We initially focused on development aid that is spent through national procurement systems, collecting a database of more than 500,000 contracts, in more than 100 countries and covering almost a 20-year period. We share this data openly and have used it to analyse how the local regime type and changes in procurement rules influence corruption patterns.
We then worked with the African Data Initiative to develop a procurement-specific menu on their open-source statistics software, R-Instat. They originally developed R-Instat to address the need for greater access to statistical analysis tools in Africa, and have used the tool for a number of other development goals, most prominently, for helping farmers to analyse and act upon climate data.
The procurement menu on R-Instat provides a drop-down menu, on which users will find simple ways to analyse the data (for video guides, see here, here and here). We have uploaded two datasets of World-Bank funded contracts across a wide range of developing countries and many years. You can choose any one of our ‘red flags’, and easily see its prevalence in a particular country over time, or compare countries or sectors in the same year.
Visualisations are important in data analysis, so R-Instat also includes many graph and map options as well as tables. In our Ghana workshop, we brought the data, the method, and the software and added two more key ingredients: anti-corruption activists from Ghanaian NGOs, who know all about how politicians and public officials manipulate the procurement process to divert public money into their pockets; and some of Africa’s best maths students, studying at AIMS Ghana, who know how to use statistics to analyse data.
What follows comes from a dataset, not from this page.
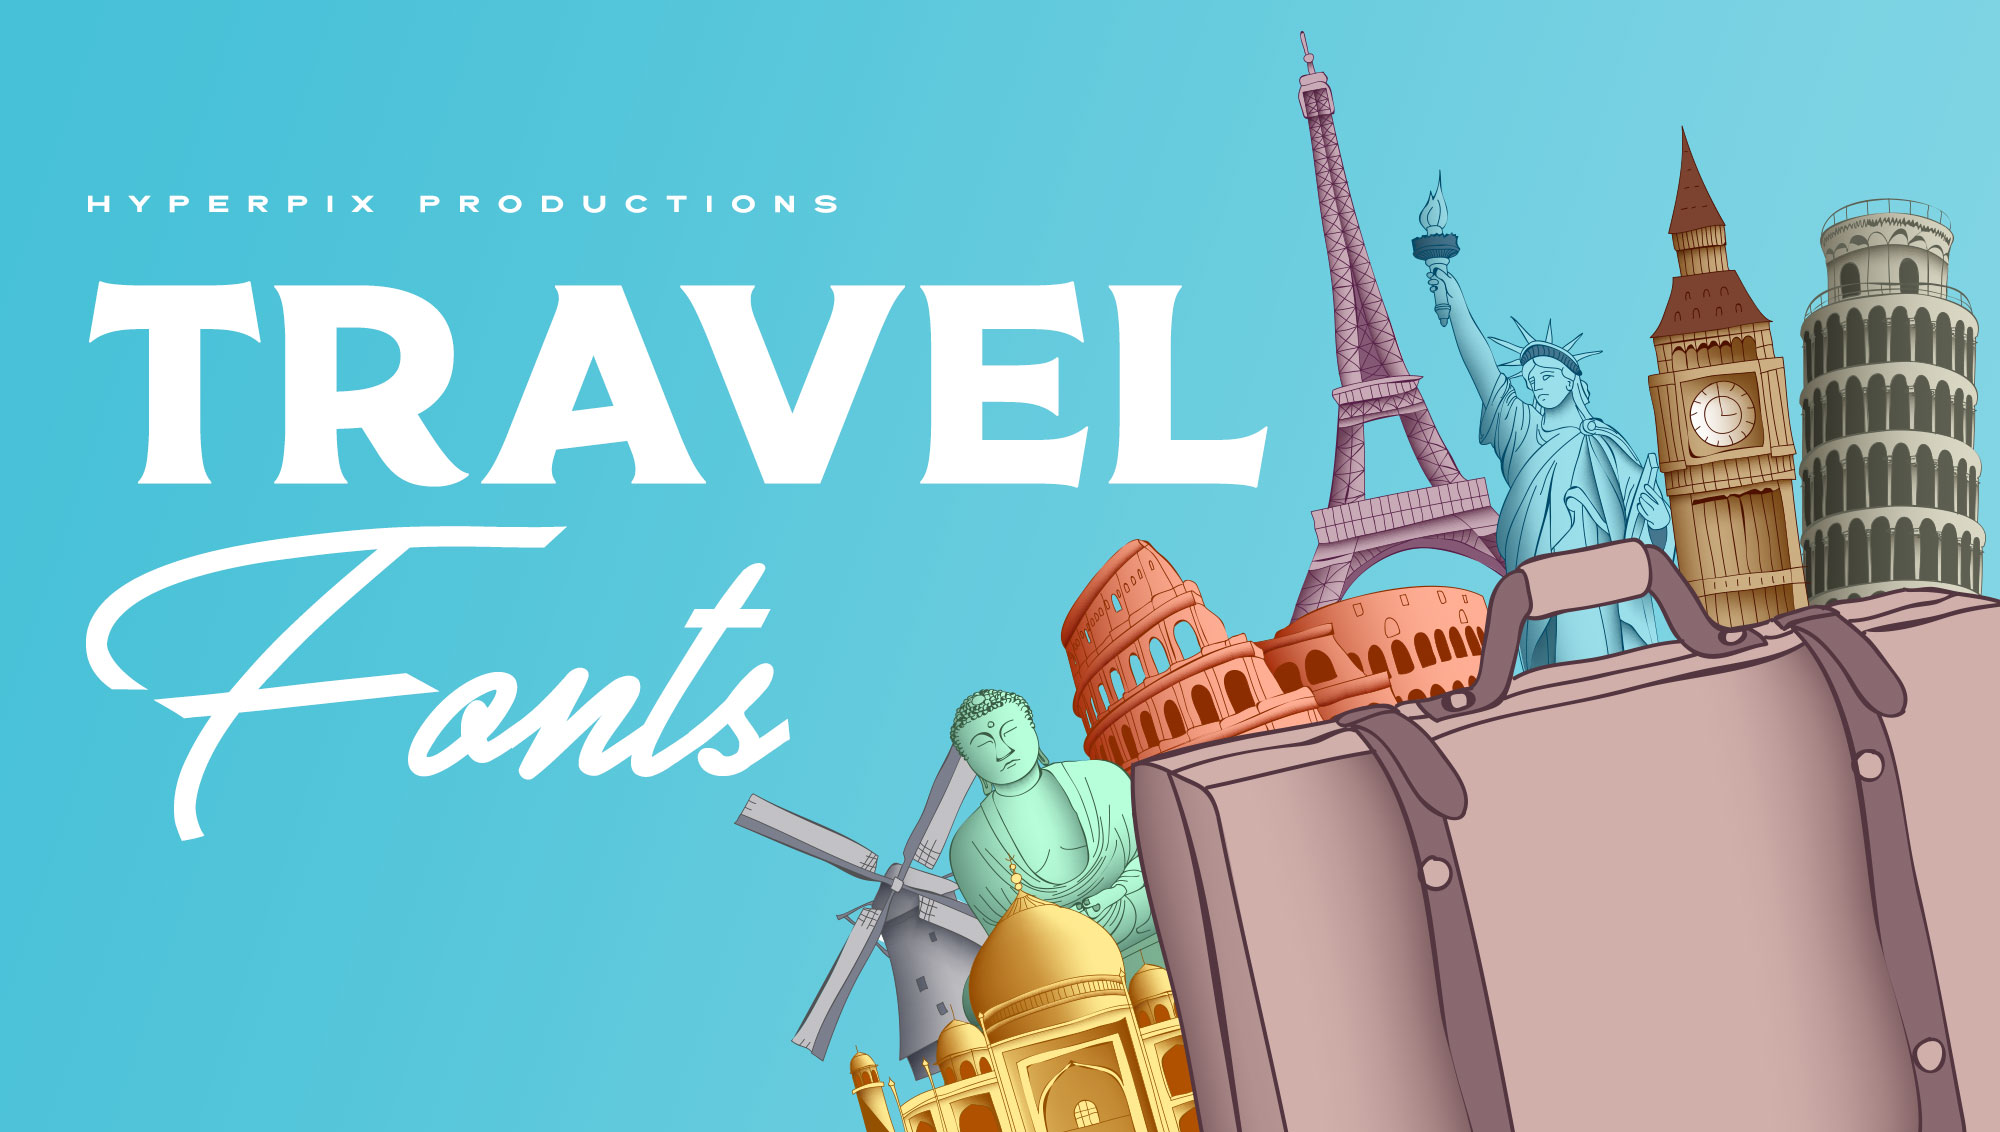 tourism fonts download

Over one-and-a-half days, working in interdisciplinary groups, the teams analysed our donor aid data using R-Instat. Even in such a short time, they were able to produce graphs comparing the prevalence of red flags across countries or over time. They learned that there are different ways of counting contracts – by number or by value – and these might yield different results. And they noticed that sometimes a lot of data are missing, which might be a red flag in itself.
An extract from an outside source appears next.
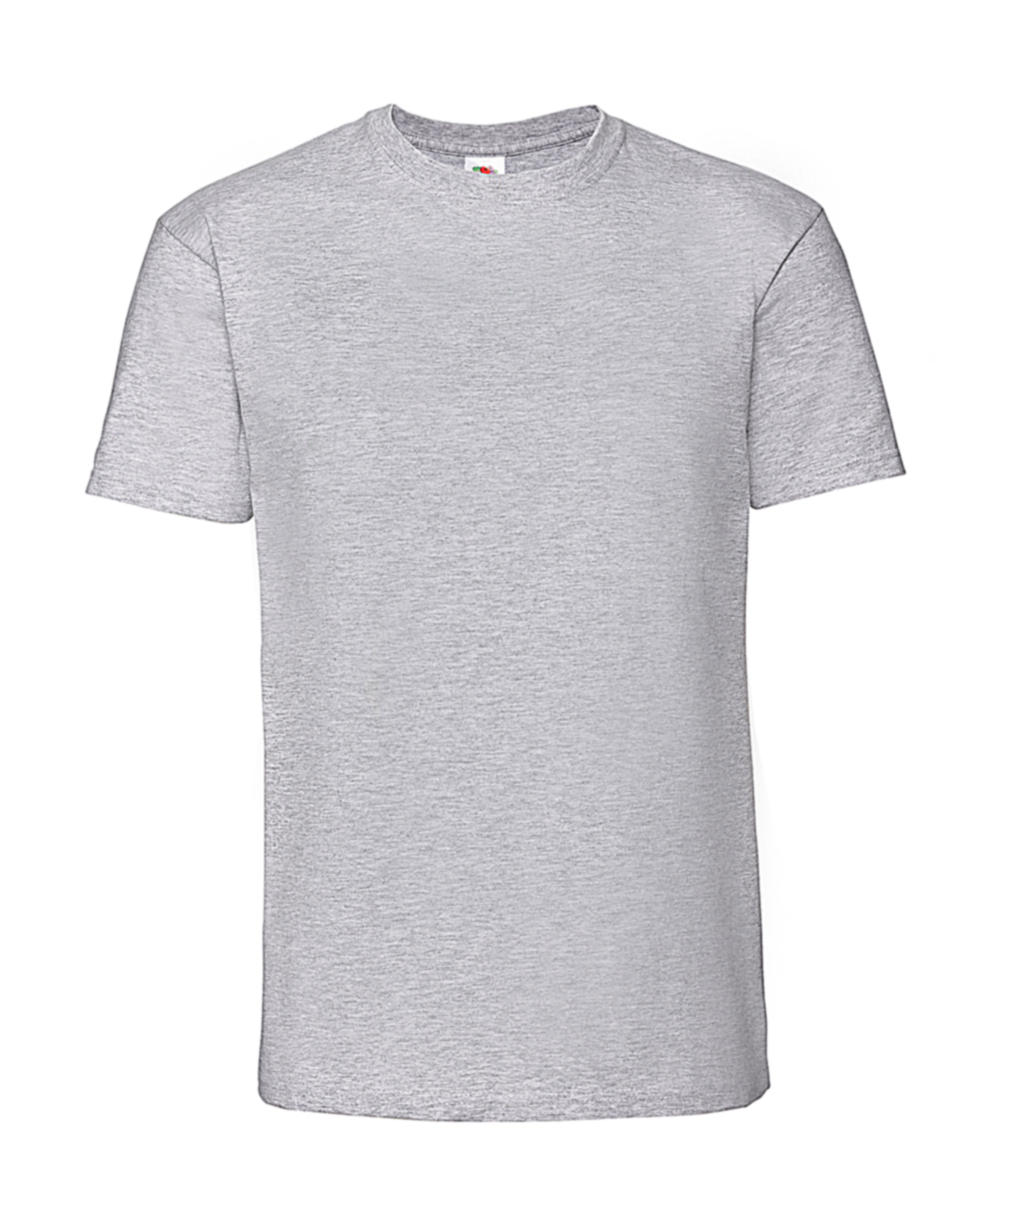 Tričko z prstencovej bavlny Iconic 195 Premium - heather grey

By the end of the workshop, the groups had started to delve deeper into the data . They spotted surprising patterns and sought to understand what might lie behind them, or used their knowledge of how corruption occurs to think about how red flags might relate to one another. Are companies that win because they are the only bidder more likely to be registered in offshore secret jurisdictions, for example?
Playing with the data is easy in R-Instat, and that means that users can easily experiment, test ideas and theories, or look for evidence to support or refute rumours. As one of the participants said afterwards, “now we can talk about corruption in this country in a more focused, targeted and sensible manner…cos too often the overly political and emotive discussions tend to obfuscate the real issues and even impact”.
The workshop helped show what can be done with evidence. We still need data as a starting point, but by showcasing what can be done with the right tools, we also hope to create advocates who will lobby governments for greater transparency as well as for tighter control over how public money is spent.